On 9/26/05, jarvi <jarvi@cs.tamu.edu> wrote:
the var function makes a lambda functor out of a variable, so you can
write the expression as:

var(n) = _1

  Thanks, I should have seen that one in the manual. Posting at the end of a work day is
obviously not a good idea :-) I've got another lambda related question though. My example was
a useless simplification, what I'm really trying to do is to read data from a container v into a legacy
matrix class which doesn't have an iterator. I can do this with a for loop:

std::vector<char> v;
MyMatrix<char> m;   // Has h and w members for height and width, and element access using operator()( int i, int j )
std::vector<char>::iterator v_it = v.begin();
for ( long c = 0; c < m.h * m.w; ++c )
{
      m( c / m.w , c % m.w ) =  *v_it;
      ++v_it;
 }

This works perfectly.

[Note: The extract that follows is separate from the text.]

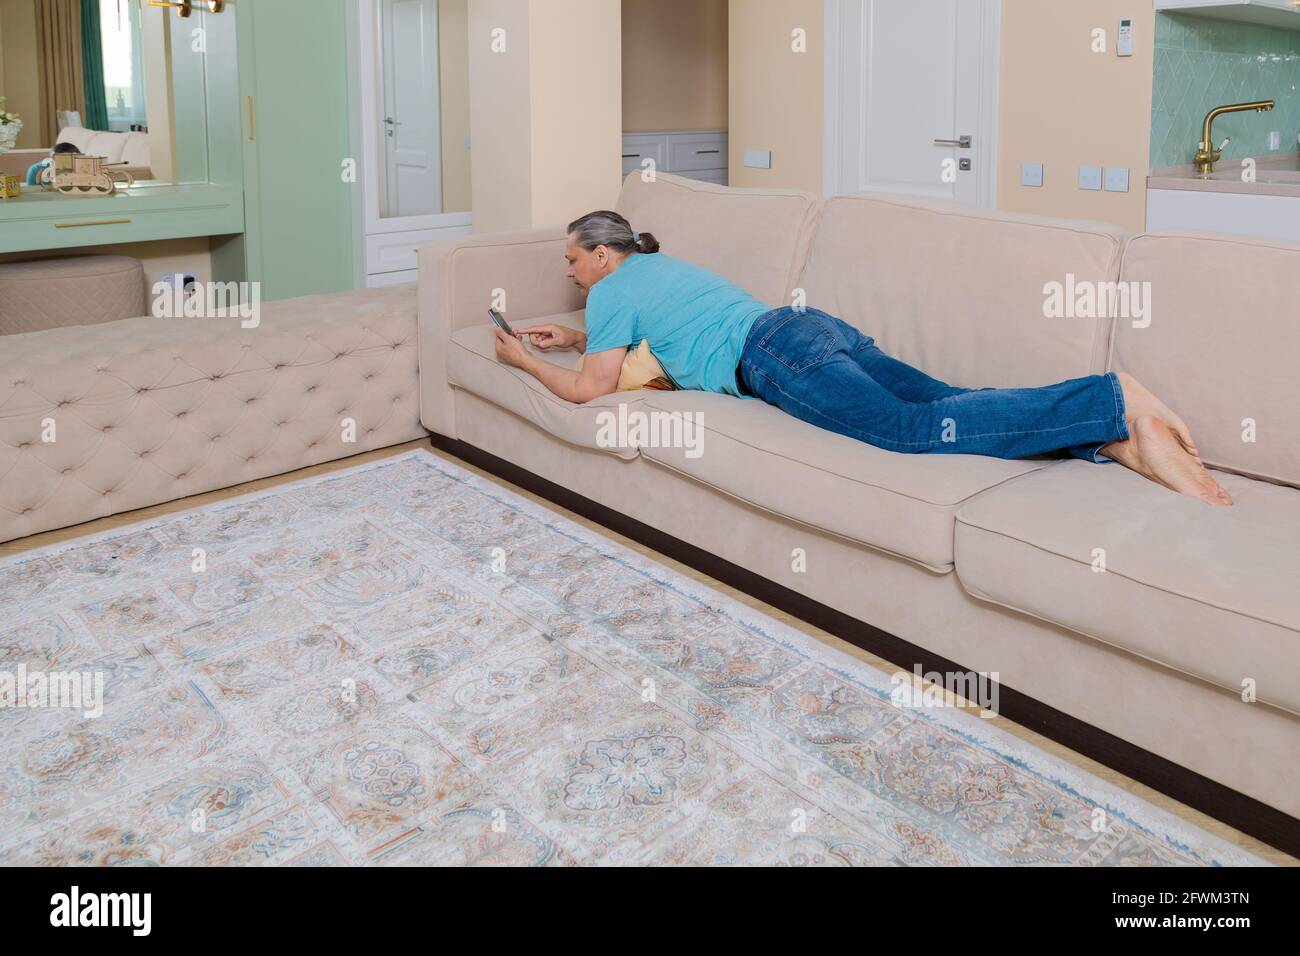 Un uomo adulto naviga tra i social network in un telefono cellulare mentre si sdraia su un divano in un appartamento. Foto Stock
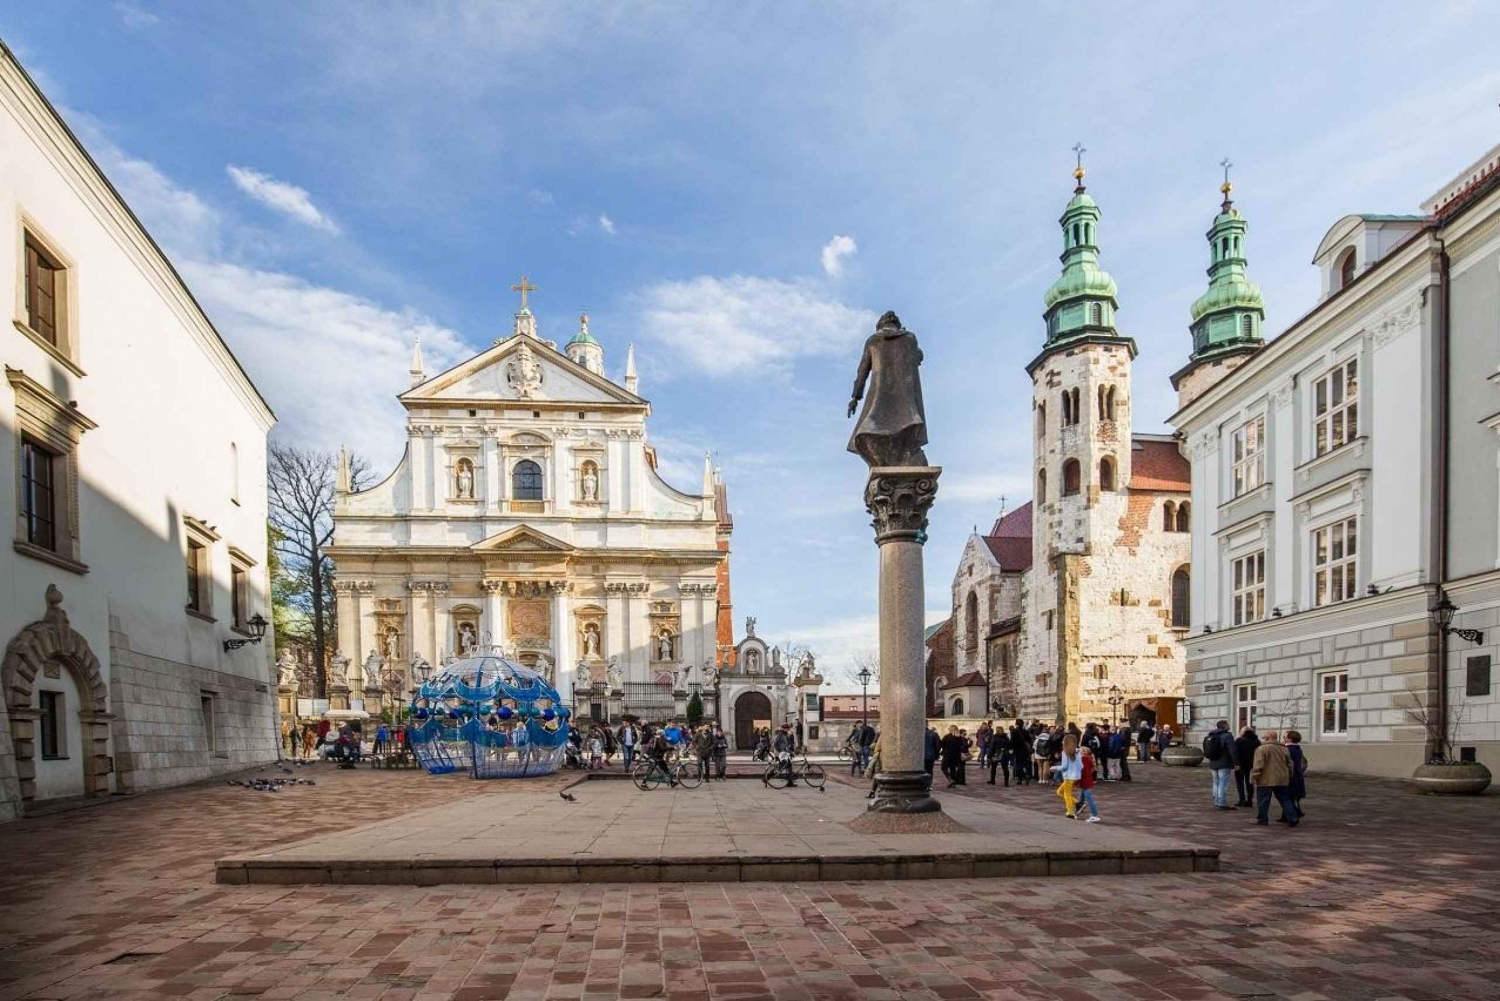 Cracovie : Château et cathédrale de Wawel, vieille ville et basilique de la ville

I figured it should be possible to do the same thing using for_each and boost::lambda, so I tried
this approach:

long c = 0;
for_each( v.begin(),
               v.end(),
               ( var( m( c / m.w, c % m.w ) ) = _1,
                 ++var( c )
                )
              );

 This also fills MyMatrix, but with different values than the for loop. Which seems surprising to me.
As far as I can tell, these two approaches should be equivalent, but apparently they're not. Anyone
care to explain to me why?

P.S. Sorry for the unfinished post which got through. Please ignore that one.